Бесенята-алимчики на коленках подползли ко мне и стали дергать слабыми лапками: «верь ей, верь ей». Я был ошеломлен таким резким переходом, и безропотно согласился.


С каждым приходом к фифе я продвигался по квартире второго этажа. У меня сложилось впечатление, что это не квартира, а критский лабиринт, в котором могла разобраться только его устроительница, – фифа. Частенько, когда поднимался на второй этаж, фифа завязывала мне глаза, и вела за руку. Бесенята-алимчики шепотом подсказывали, чтобы я не оступился и не расквасил лоб. В одном из посещений, фифа привела меня в зал. Когда она сняла повязку с глаз, я осмотрелся вокруг и был поражен. На стенах были черные зеркала, на потолке – фальш-окно с изображением ночного неба с крупными звездами. Изображение ночного неба менялось, иногда это было небо северного полушария, иногда южного, а иногда – месячные изображения ночного неба. Посредине зала стояло нечто вроде небольшого алтаря с большими черными свечами, и были разбросаны кресла-мешки. Бесенятам-алимчикам вход был запрещен, сюда могла входить только её зеркальное отражение. Она всегда стояла за правым плечом своей хозяйки и многозначительно поигрывала хлыстом. Фифа зажигала черные свечи, когда приводила меня в зал, и струился ароматный дым, вгонявший в меня транс, а она шептала, шептала и шептала. Из шепота я понимал только одно слово «предназначенье». Я сидел, одурманенный, а фифа вилась вокруг меня с зеркальной подружкой. Когда свечи прогорали, усталая фифа усаживалась на кресло-мешок, вытягивала босые ноги и приказывала:.

– Разотри мне ноги.


Я осторожно касался алебастровой кожи, обжигавшей холодом, согревал своим дыханием и начинал растирать. Сначала пальцы, потом ступни, щиколотки, голени и бедра. В первый раз я хотел двинуться дальше, чтобы залезть в стринги, но зеркальная фифа предостерегающе щелкнула плеткой, а фифа утомленно произнесла:

– Алимчик, не будь шалунишкой! Я не твоя пожилая любовница, у которой ты проводишь ночи.
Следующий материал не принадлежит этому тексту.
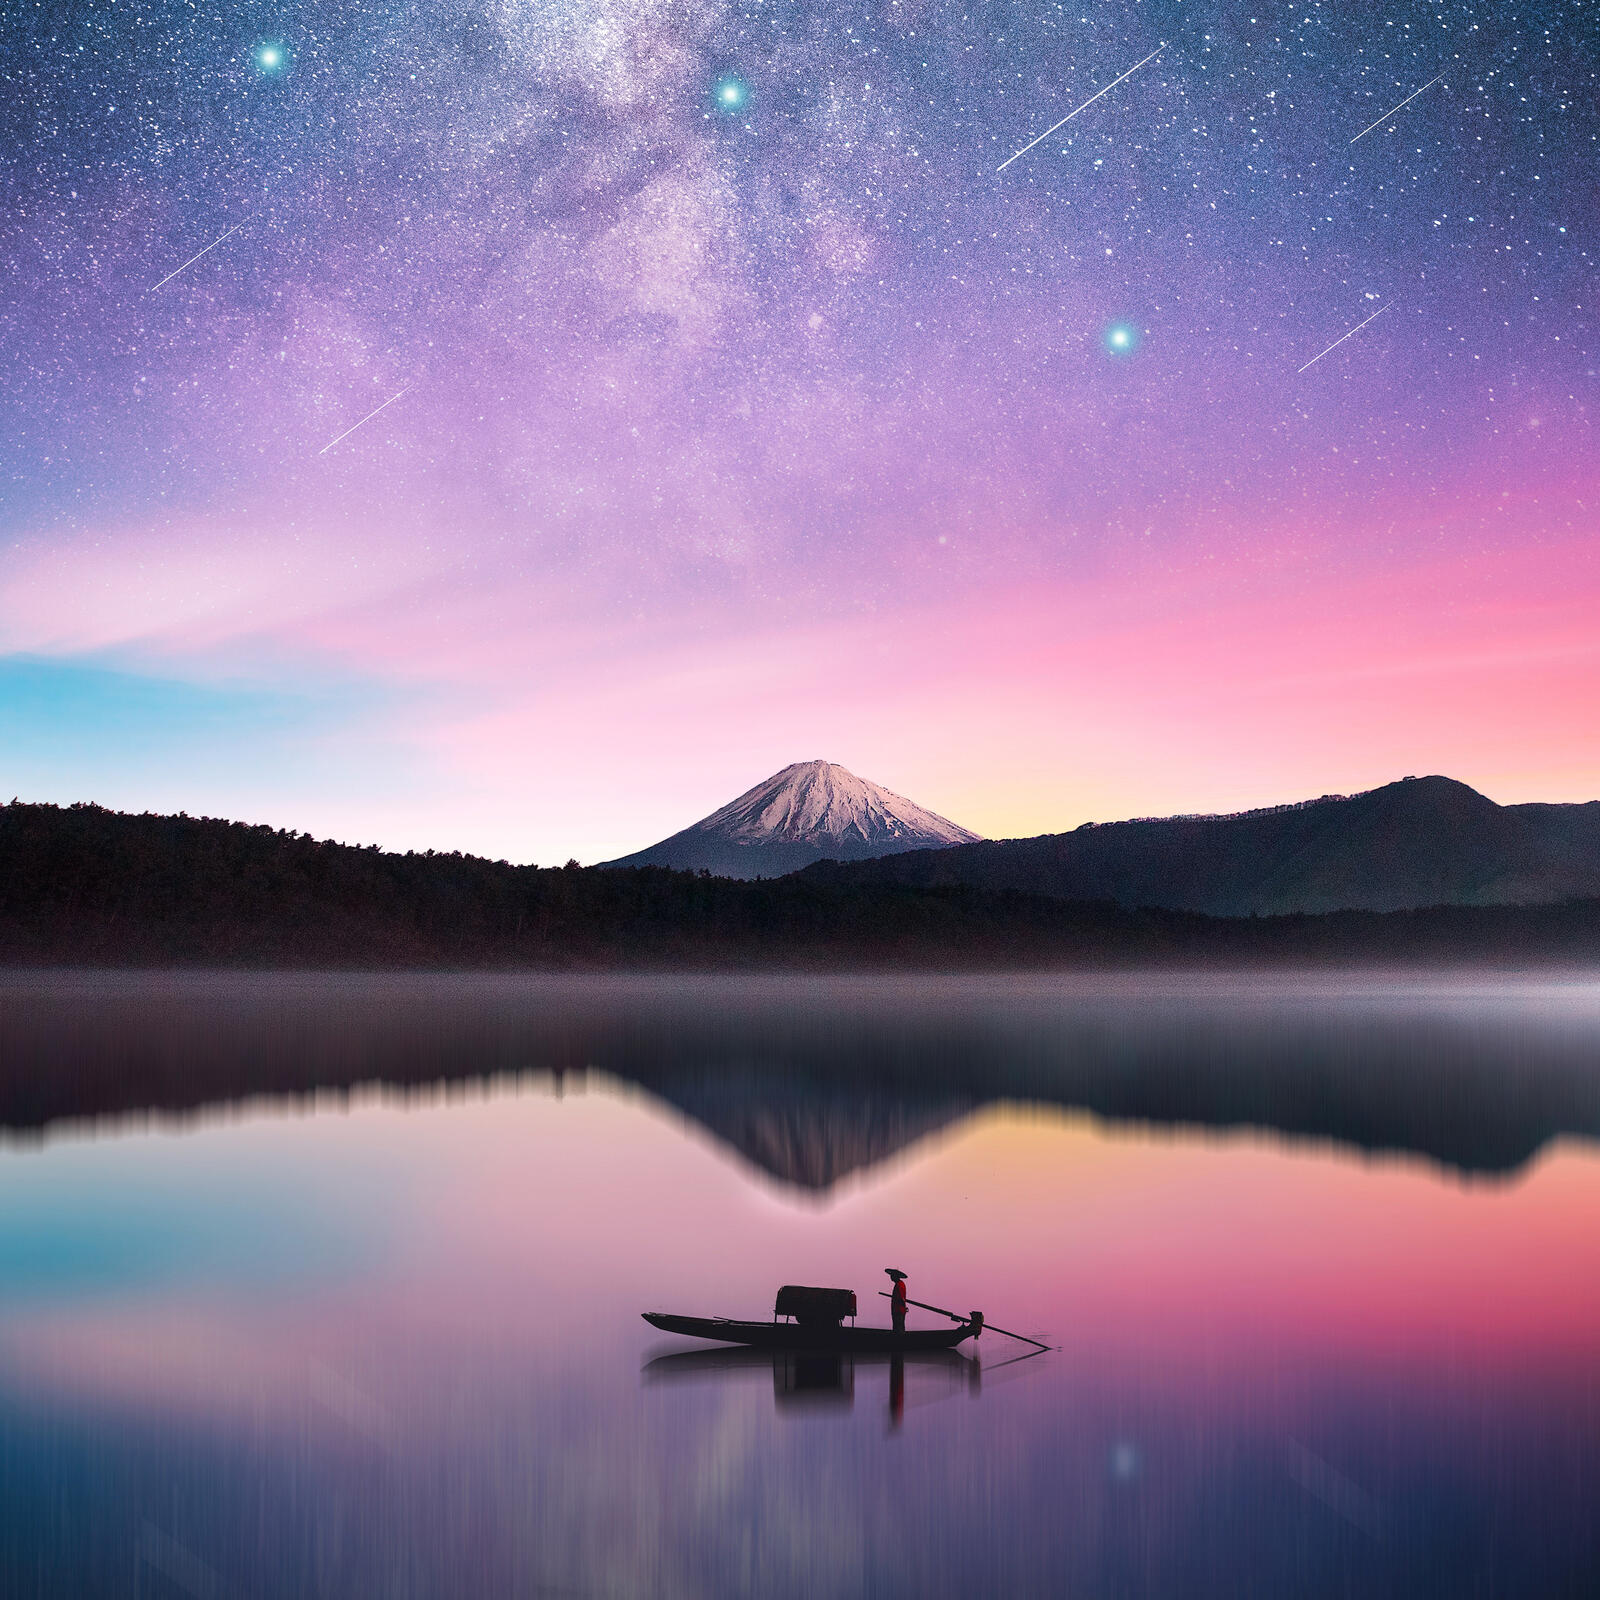 Обои Млечный путь гора Фудзи фотографии на рабочий стол

Несмотря на тяжелую и плохо соображающую голову, я удивился, как она узнала о мамке Юлии, а фифа лениво потянулась:

– По запаху тела и по дешевым духам. Возможно, твоя подруга была проституткой. От неё пахнет слишком многими мужчинами.
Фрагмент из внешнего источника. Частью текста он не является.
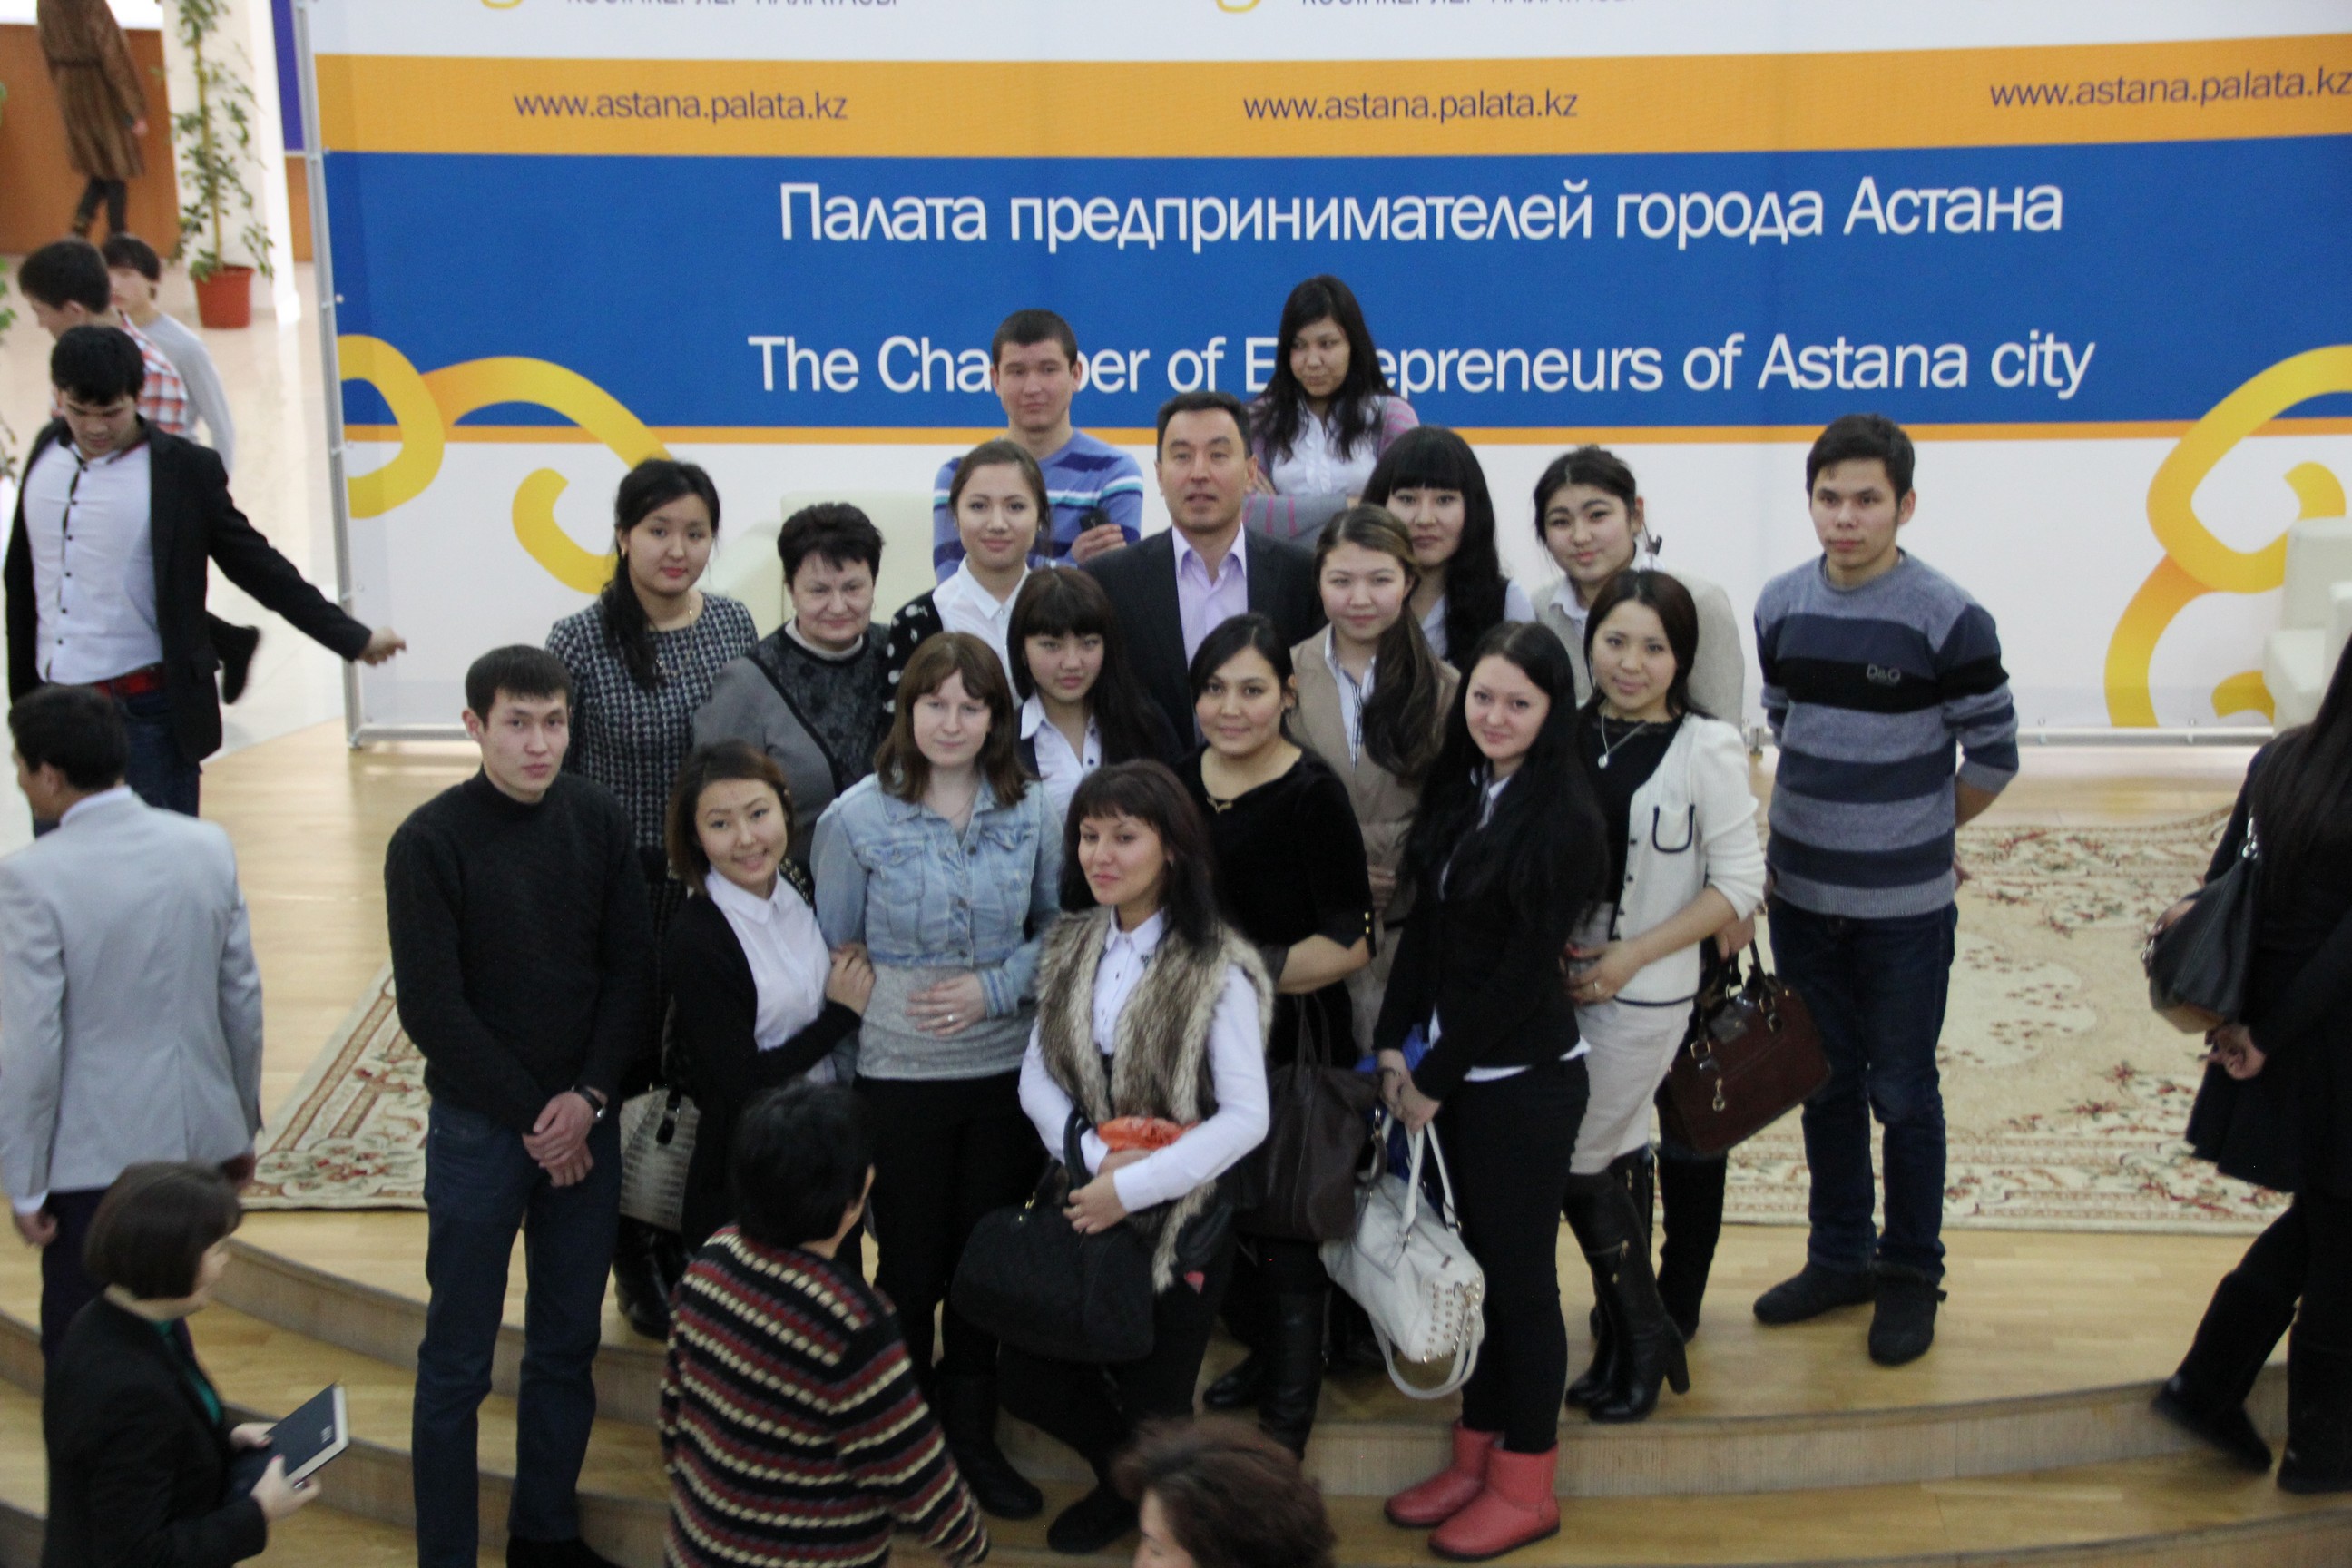 Serikbay Bisekeev meeting students in Astana

Я хотел обидеться, мне нравились духи мамки Юлии, но промолчал. Крыть было нечем. По инет-роликам у мамки Юлии было много партнеров.


Фифа потянулась и строго сказала:

– Брысь отсюда, я слишком сильно устала. Больше приходить ко мне не надо. Придешь, когда выполнишь свое предназначенье.
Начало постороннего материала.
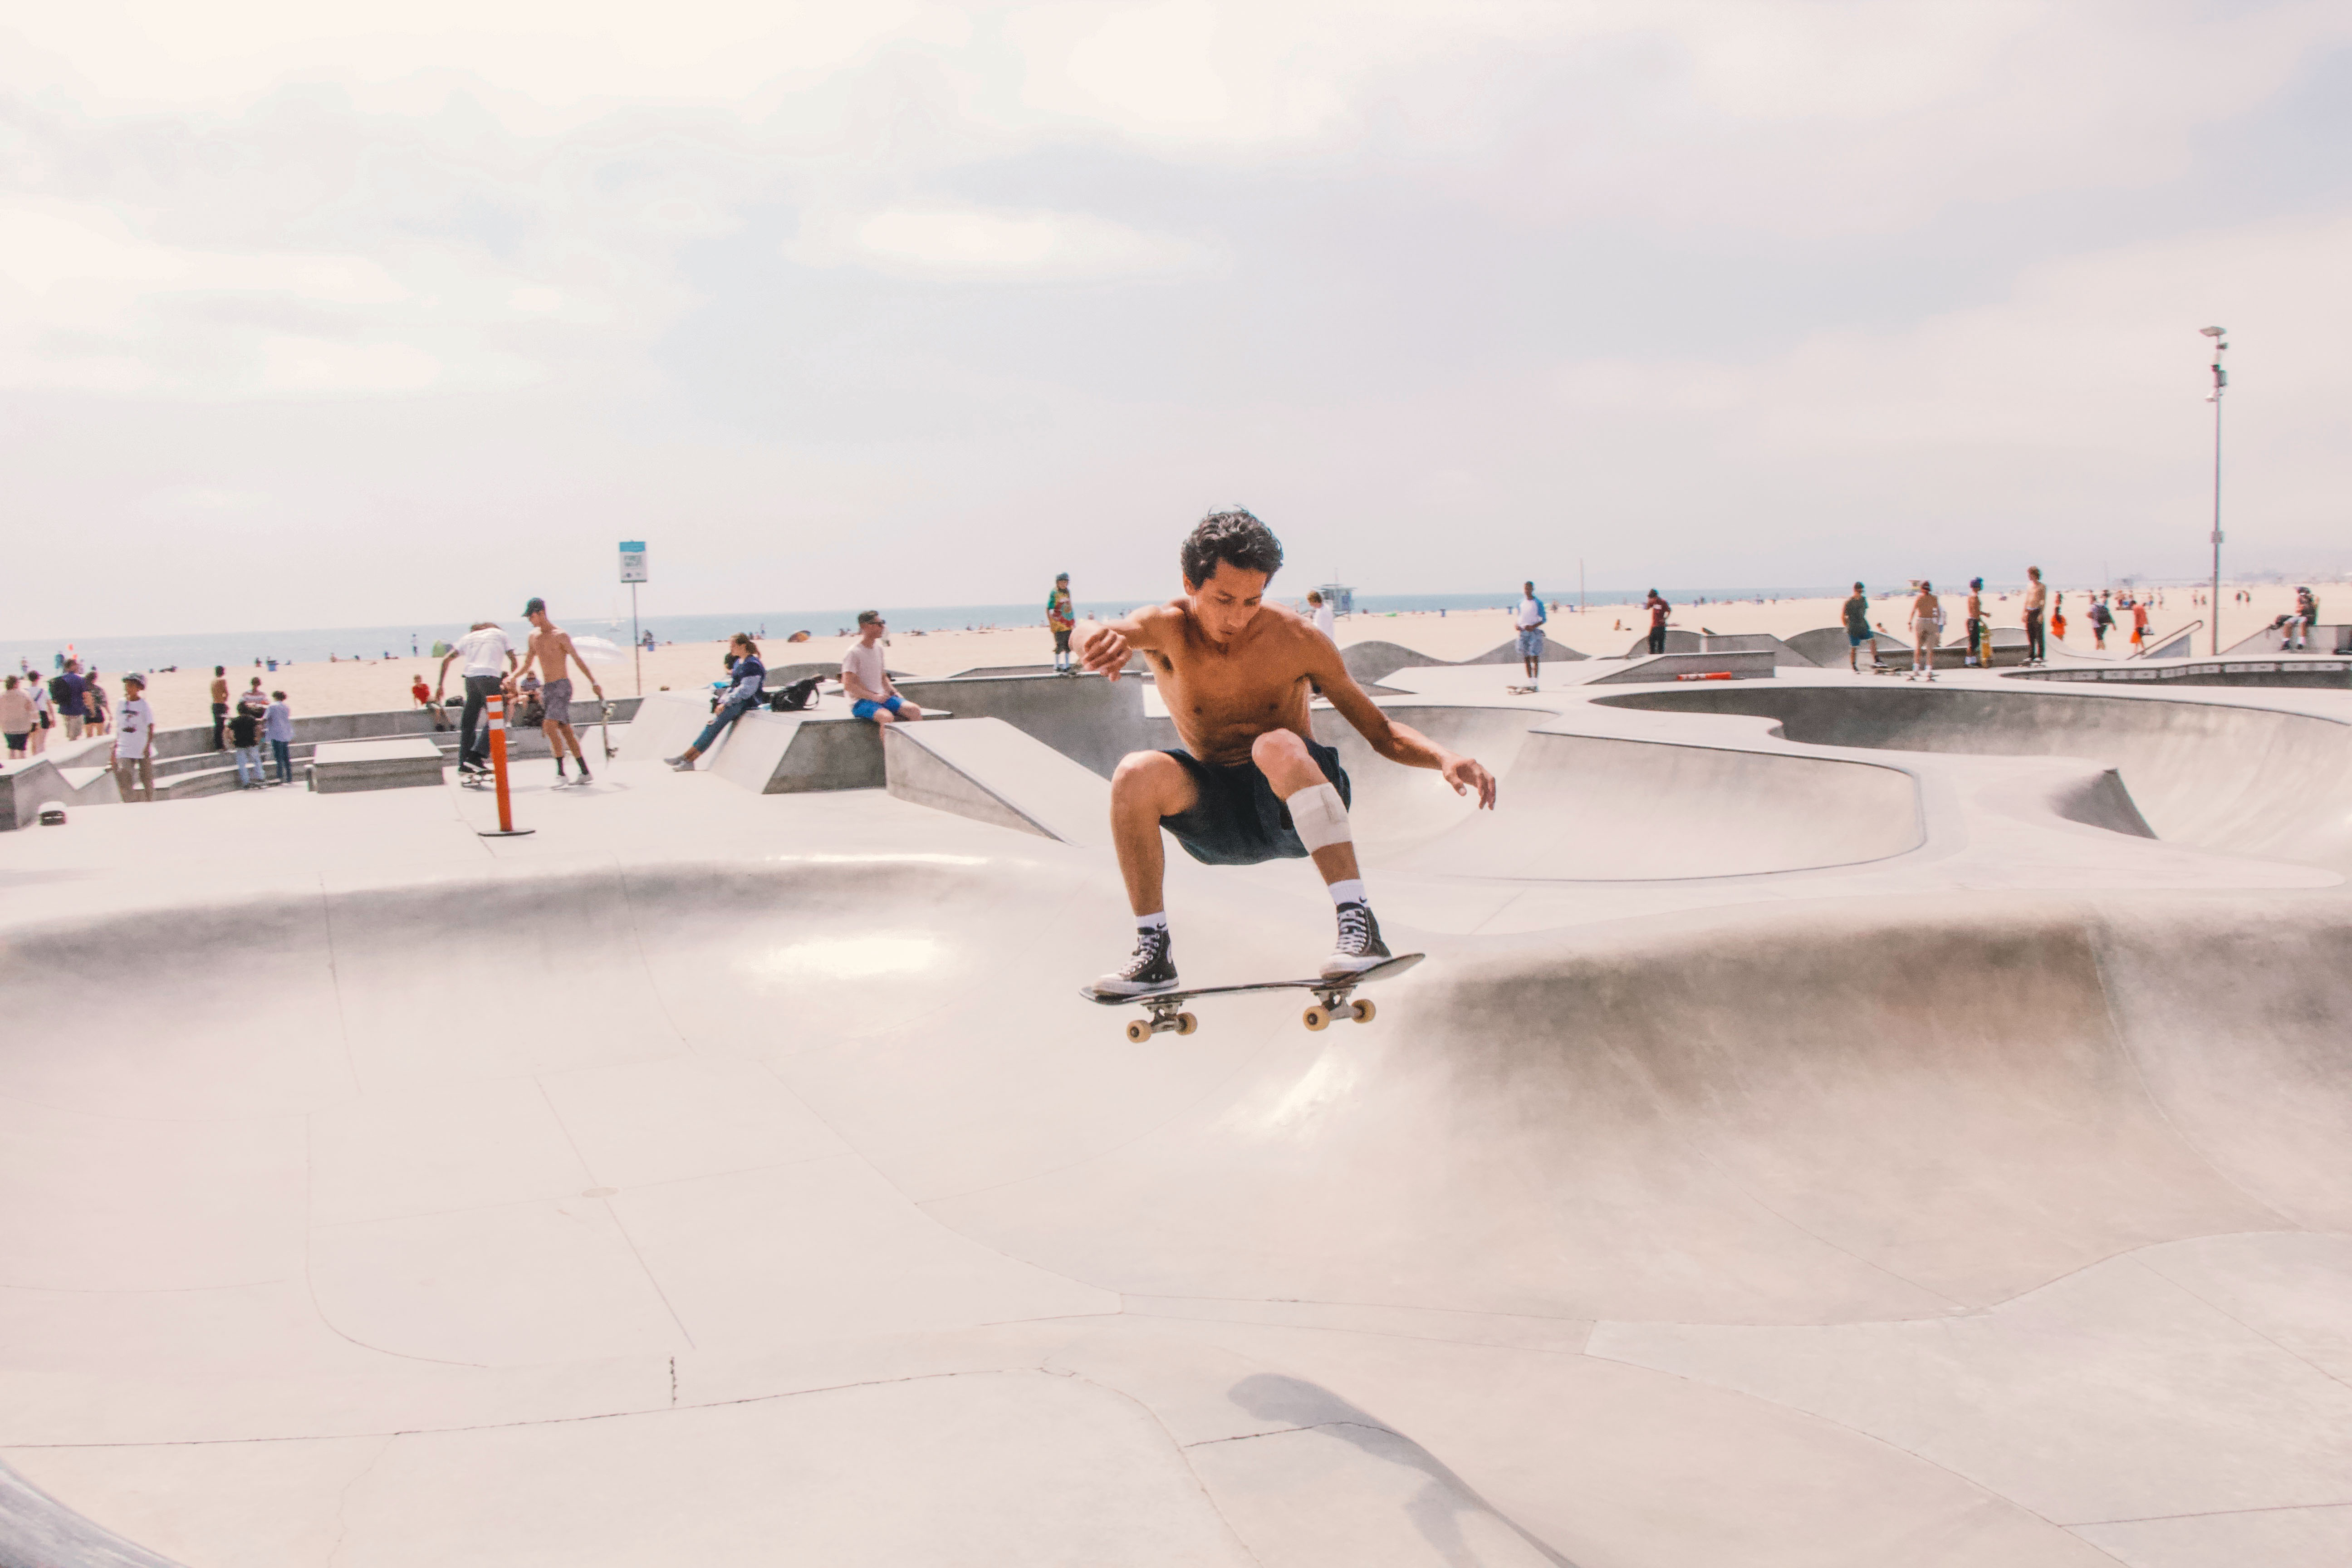 Venice beach skate park

Я так и не понял про своё предназначенье, но не стал переспрашивать; знал, что фифа не ответит, и ушел. Благодаря бесенятам-алимчикам я не заплутал в лабиринте этой квартиры. Они были грустными, боялись, что я не смогу выполнить неизвестное предназначенье, от которого напрямую зависело их призрачное существование в зеркалах второго этажа. Бесенята-алимчики всхлипывали, терли лапками грустные мордашки и с надеждой смотрели на меня. Зеркальная фифа щелкнула бичом и на прощанье махнула рукой.


На первом этаже меня перехватил Сергей Петрович. Отставной федеральный судья осунулся, стал вдвое меньше, и дряблая кожа висела на нем, как на вешалке.


– Алимчик, прошу, уезжай отсюда, только забери с собой мать. Чует мое сердце, нехорошее будет дальше.


Я остановился:

– Уехать? Но куда? У нас нет денег. Вы знаете, чем я занимаюсь, а у матери только пенсия.


– Сейчас, сейчас, – Сергей Петрович засуетился, бросился в недра квартиры первого этажа и вынес несколько мелких купюр. – Он жалко улыбнулся. – Моя падчерица забирает у меня все деньги, оставляет только мелочь.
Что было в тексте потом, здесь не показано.